Она заверила их в благосклонности и милости короля, решительно опровергнув злобные слухи о том, что корабли строиться не будут. Король уже три дня назад решил, что на верфи Хольмена будут строиться два новых линейных корабля, чтобы укрепить флот для борьбы с врагами страны, остальное было ложью. Она высказала сожаление по поводу задержки с выплатой жалования, посочувствовала их голоду и жажде после такого долгого пути, объявила, что в амбарах для них уже приготовлена трапеза, состоящая из зажаренных целиком свиней и пива, пожелала им приятного аппетита и заверила их в том, что самым большим ее желанием было посетить прекрасную Норвегию с ее, как говорят, восхитительными (это слово она произнесла по-норвежски) горами и долинами, о которых ей так много рассказывали прежде.
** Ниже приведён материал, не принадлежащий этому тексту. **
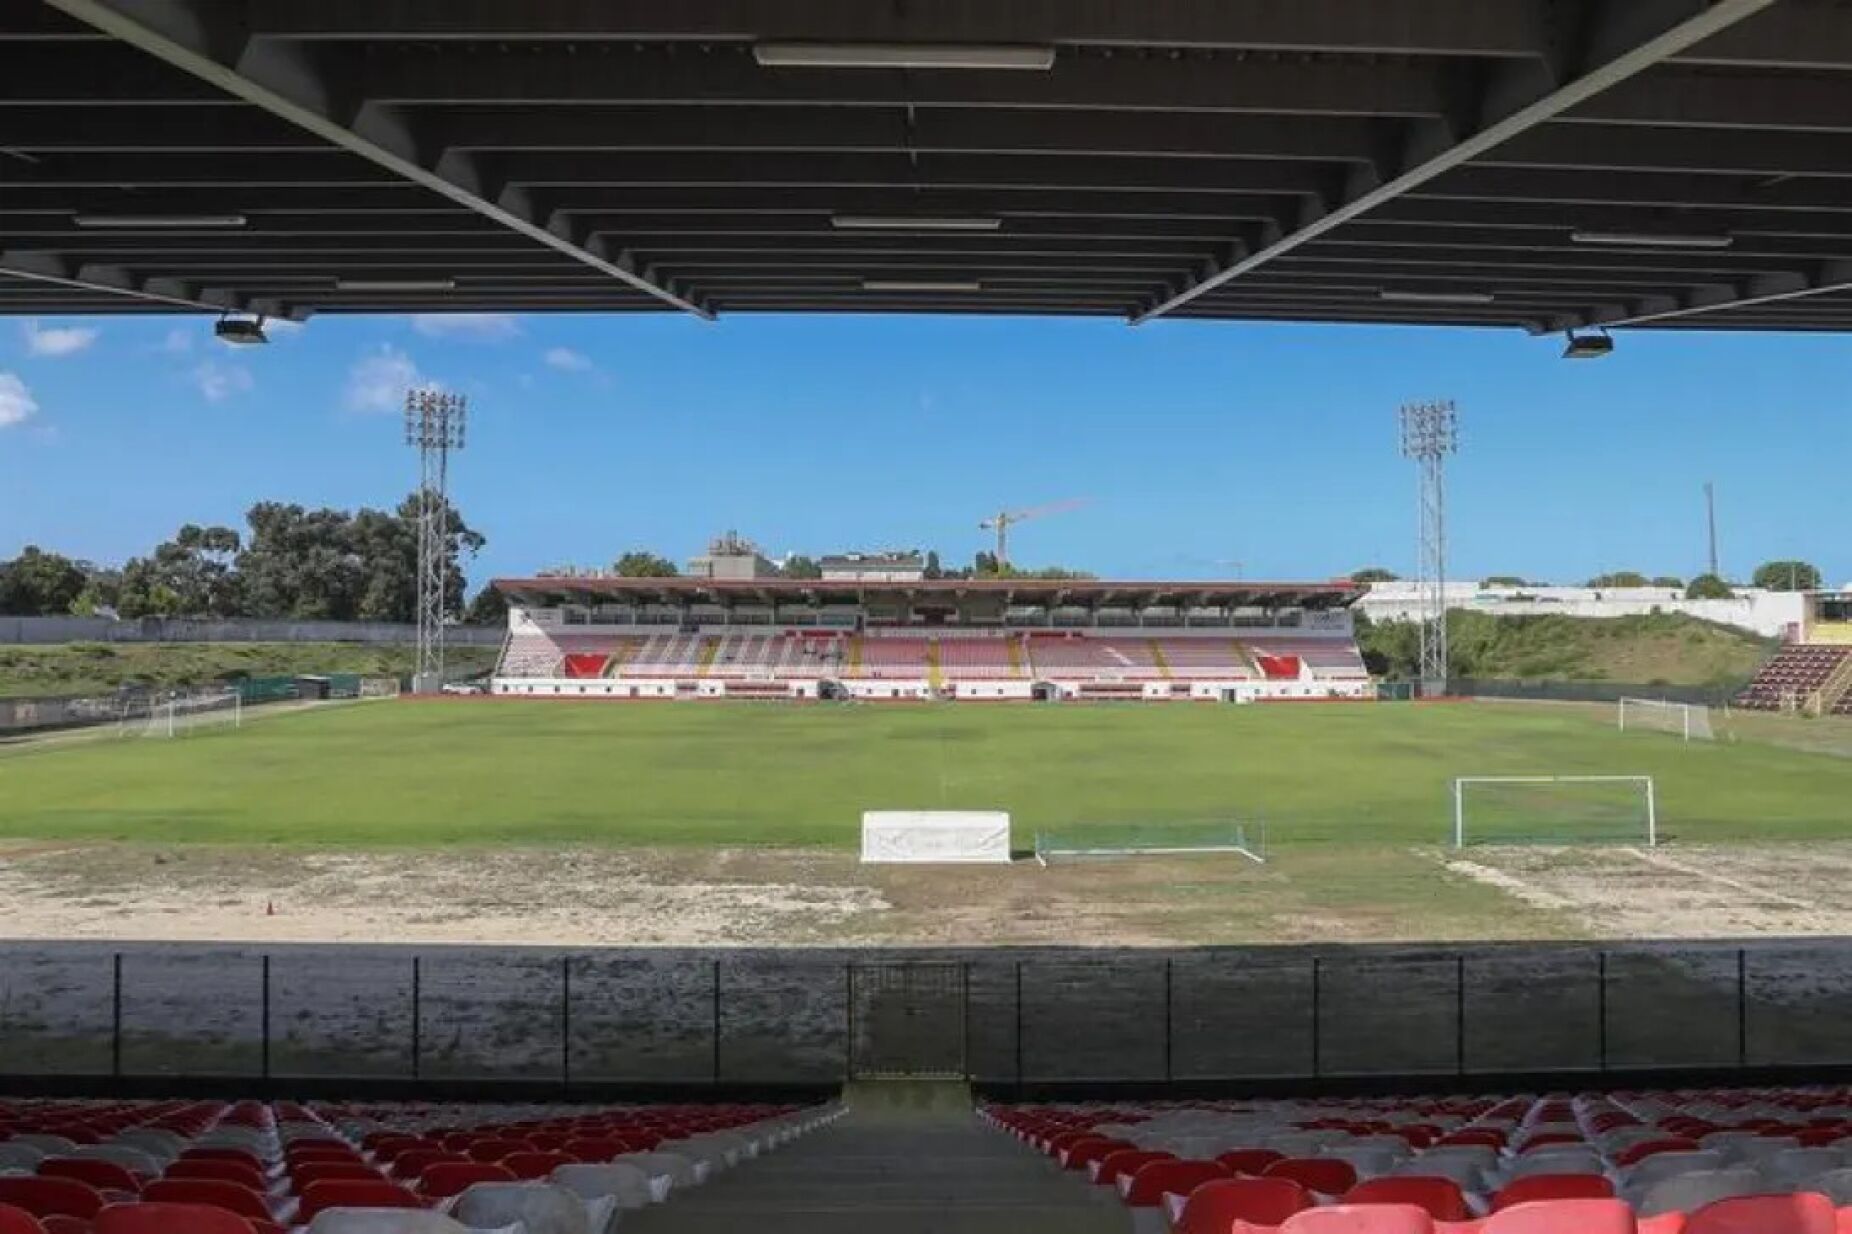 Estádios e Campos de Futebol - Câmara Municipal de Felgueiras

Или, как она выразилась, «при прошлом».
Матросы прокричали мощное «ура!» в честь королевской четы и перешли к трапезе.
— Ты сошла с ума, — сказал он ей, — два новых линейных корабля, ведь у нас нет денег даже на их жалование. Это просто сотрясение воздуха, это невозможно. Ты сошла с ума.
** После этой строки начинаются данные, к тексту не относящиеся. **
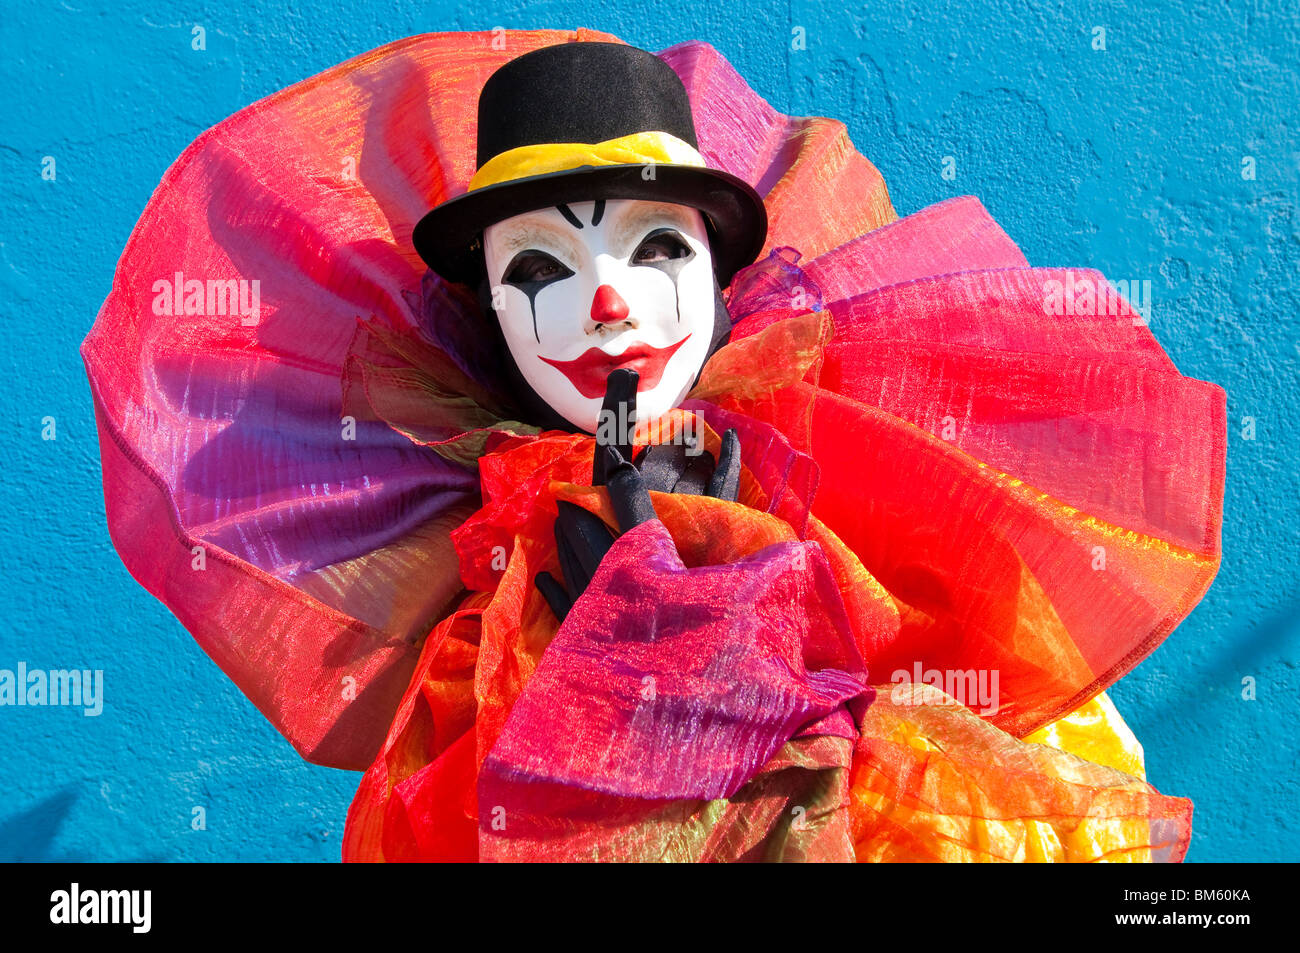 Clown at Venice Carnival, Italy. Stock Photo

— Я в своем уме, — ответила она на это. — И становлюсь все умнее.
Он сидел, спрятав лицо в ладони.
— Я никогда не чувствовал себя столь униженным, — проговорил он. — Неужели тебе обязательно надо унижать меня.
— Я тебя не унижаю, — ответила она.
— Унижаешь, — сказал он.
С другого берега до них доносились дикие вопли все более пьянеющих мятежных норвежских матросов, теперь уже не мятежных, а преданных королю. Струэнсе они так и не увидели. Может, его и не было. Предстояла долгая ночь. Пива было вполне достаточно, завтра они двинутся обратно, восстание было подавлено.
Она села рядом с ним и медленно провела рукой по его волосам.
— Но я ведь люблю тебя, — прошептала она. — Я так сильно люблю тебя. Но я не собираюсь сдаваться. И умирать. И отказываться от нас. Только и всего. Только, только это. Только это. Я не собираюсь отказываться от нас.
4
Гульберг сообщил об исходе восстания вдовствующей королеве, слушавшей с каменным лицом, и принцу крови, пускавшему слюни и что-то лепетавшему.
— Вы потерпели неудачу, — сказала она Гульбергу. — И мы, возможно, ошиблись в оценке. Эта маленькая английская шлюха тверже, чем мы рассчитывали.
Говорить было нечего, и Гульберг лишь уклончиво сказал, что Господь на их стороне и наверняка им поможет.
Они долго сидели молча. Гульберг смотрел на вдовствующую королеву и вновь поражался ее непостижимой любви к своему сыну, которого она всегда держала за руку, словно не желая выпускать на свободу. Это было непостижимо, но она его любила. И она действительно, с пугавшим его холодным отчаянием считала, что этот недоразвитый сын станет Божьим избранником и обретет всю полноту власти над страной, что можно было закрыть глаза на его никудышную внешность, его деформированную голову, его дрожь, его нелепые, заученные тирады, его пируэты; она словно бы совершенно не принимала во внимание это внешнее и видела какой-то внутренний свет, которому до сих пор не дали пробиться наружу.